Your objective: Where the line containing "Короткометражка: фан-экранизация игры" appears below, begin there and reproduce each line exactly through the last one, omitting pictures.

Given data:

Start of Block

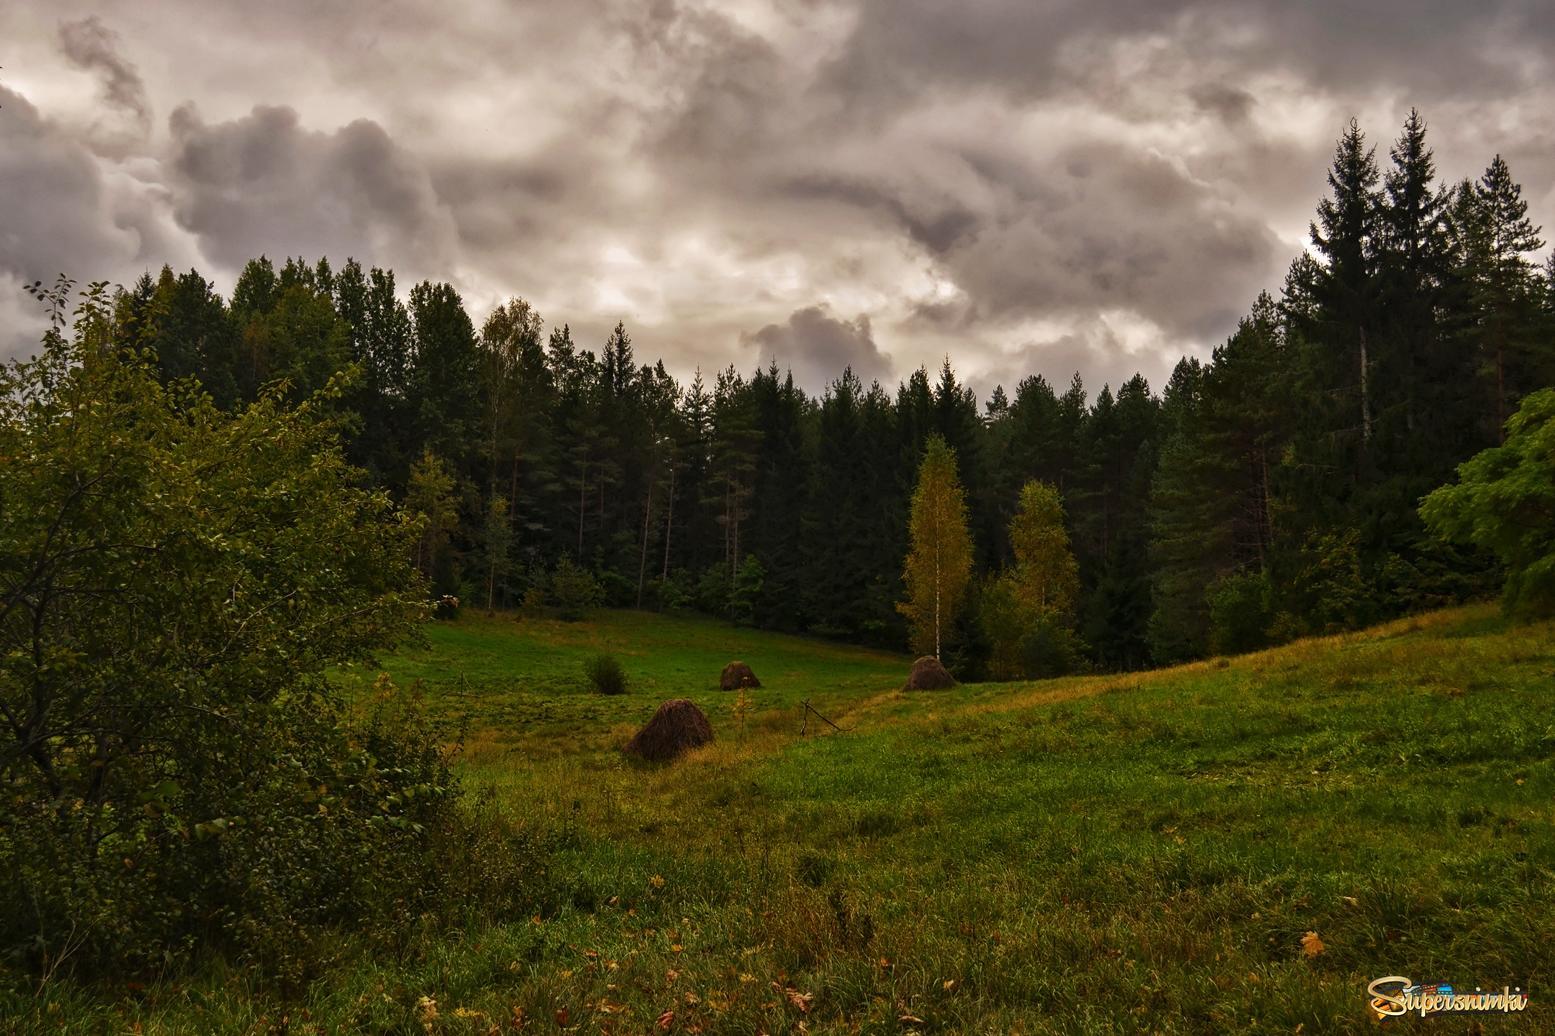 Картинки лесных опушек
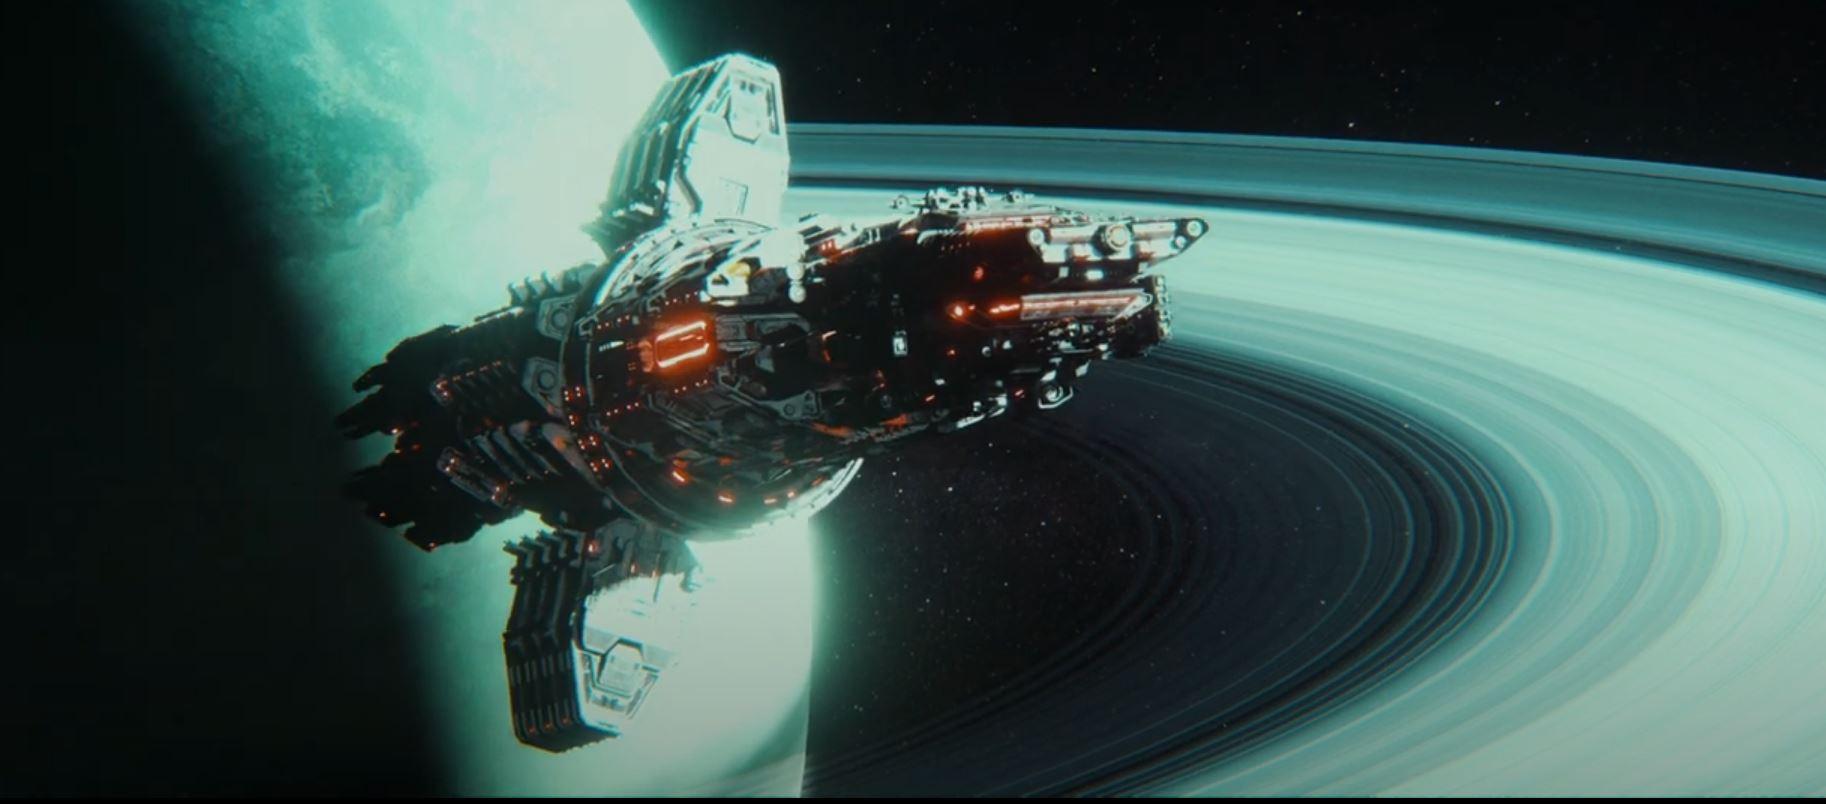 Короткометражка: фан-экранизация игры Among Us
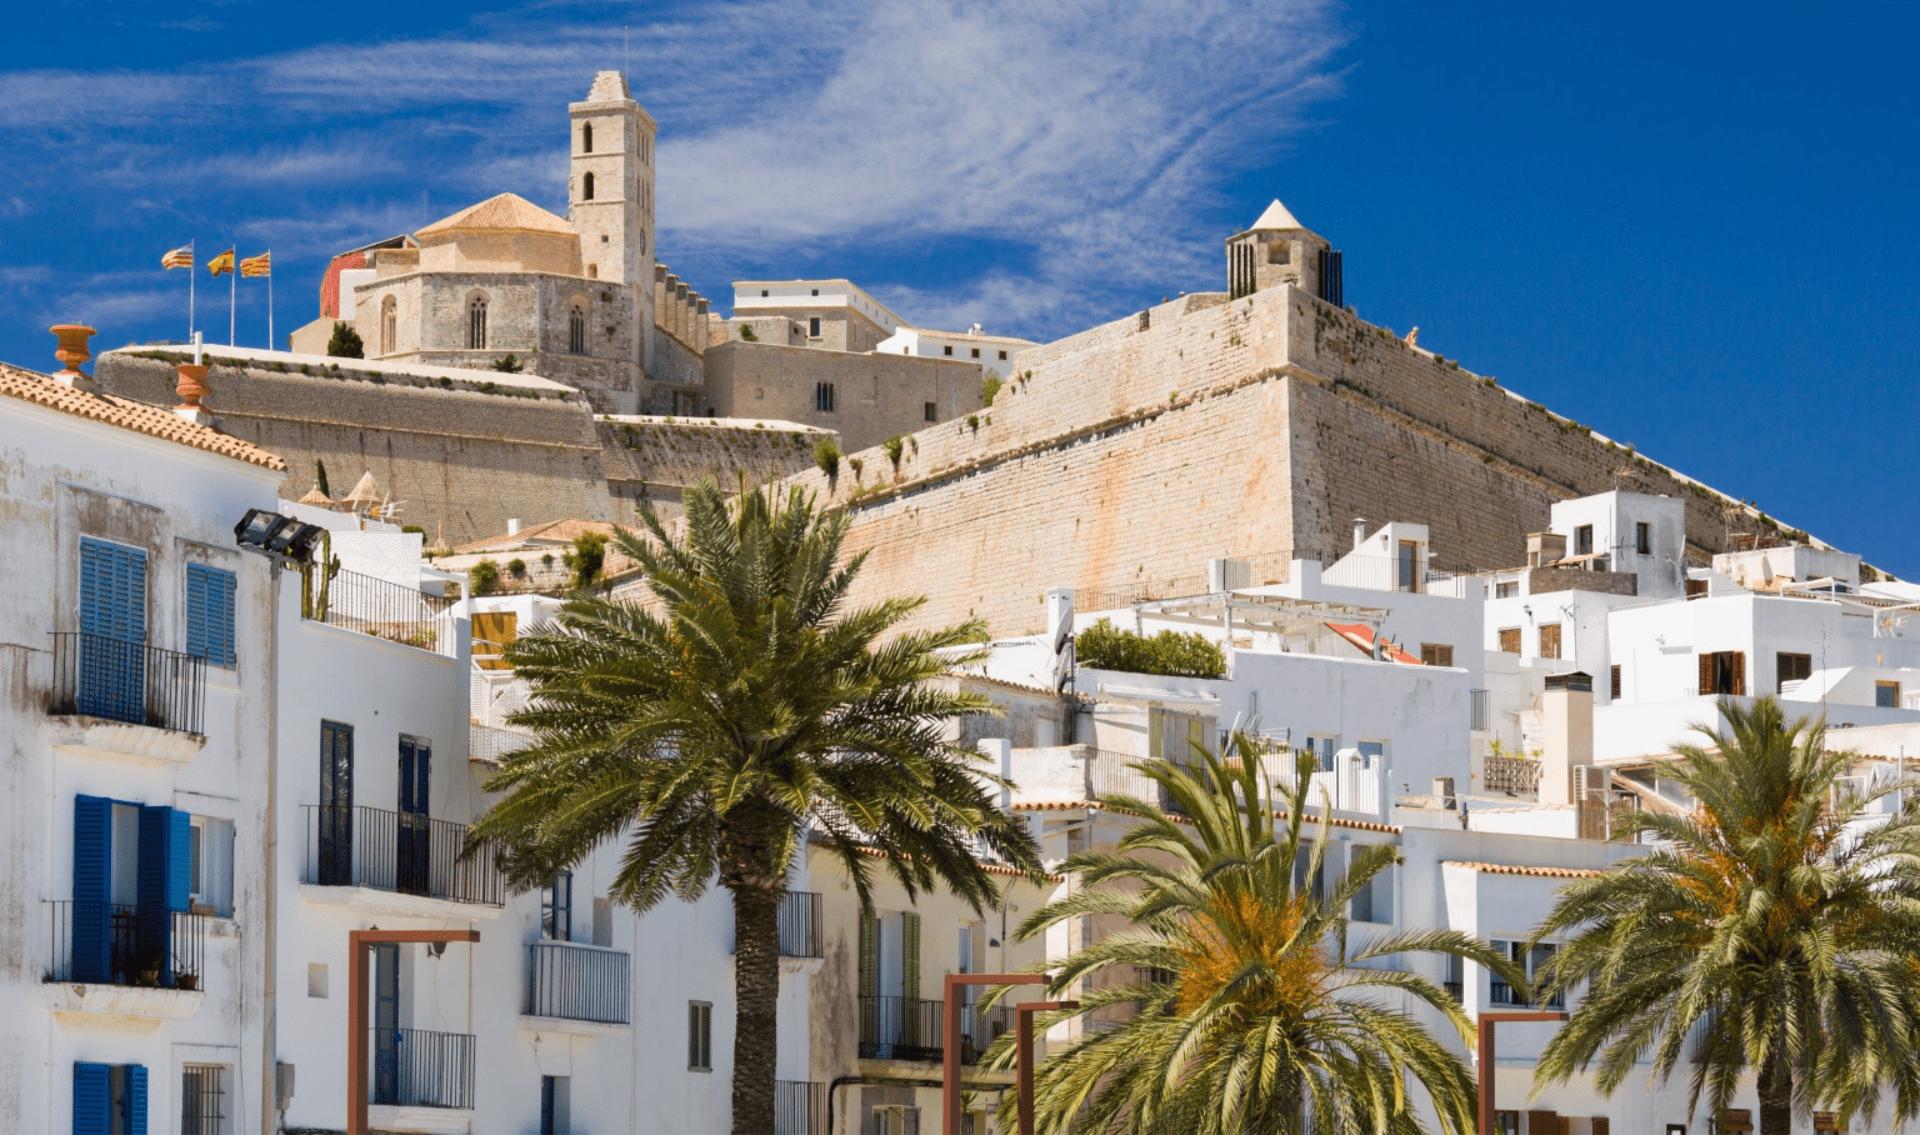 Fietsvakantie Ibiza (groepsreis)
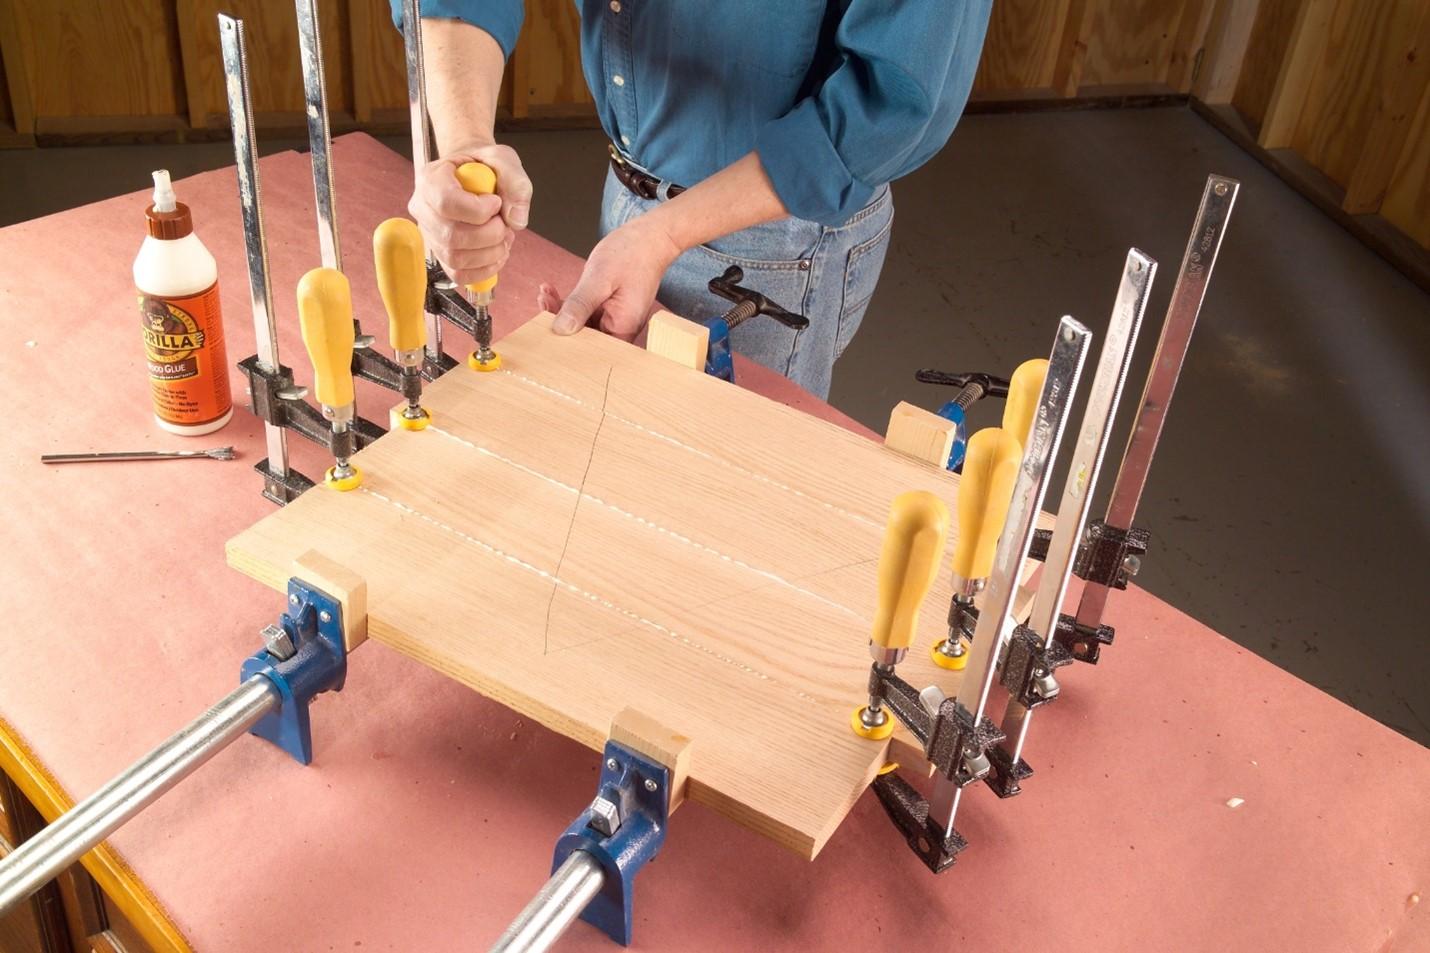 how to put together edge to edge glue ups

End of Block

Written answer:
 Короткометражка: фан-экранизация игры Among Us
 Fietsvakantie Ibiza (groepsreis)
 how to put together edge to edge glue ups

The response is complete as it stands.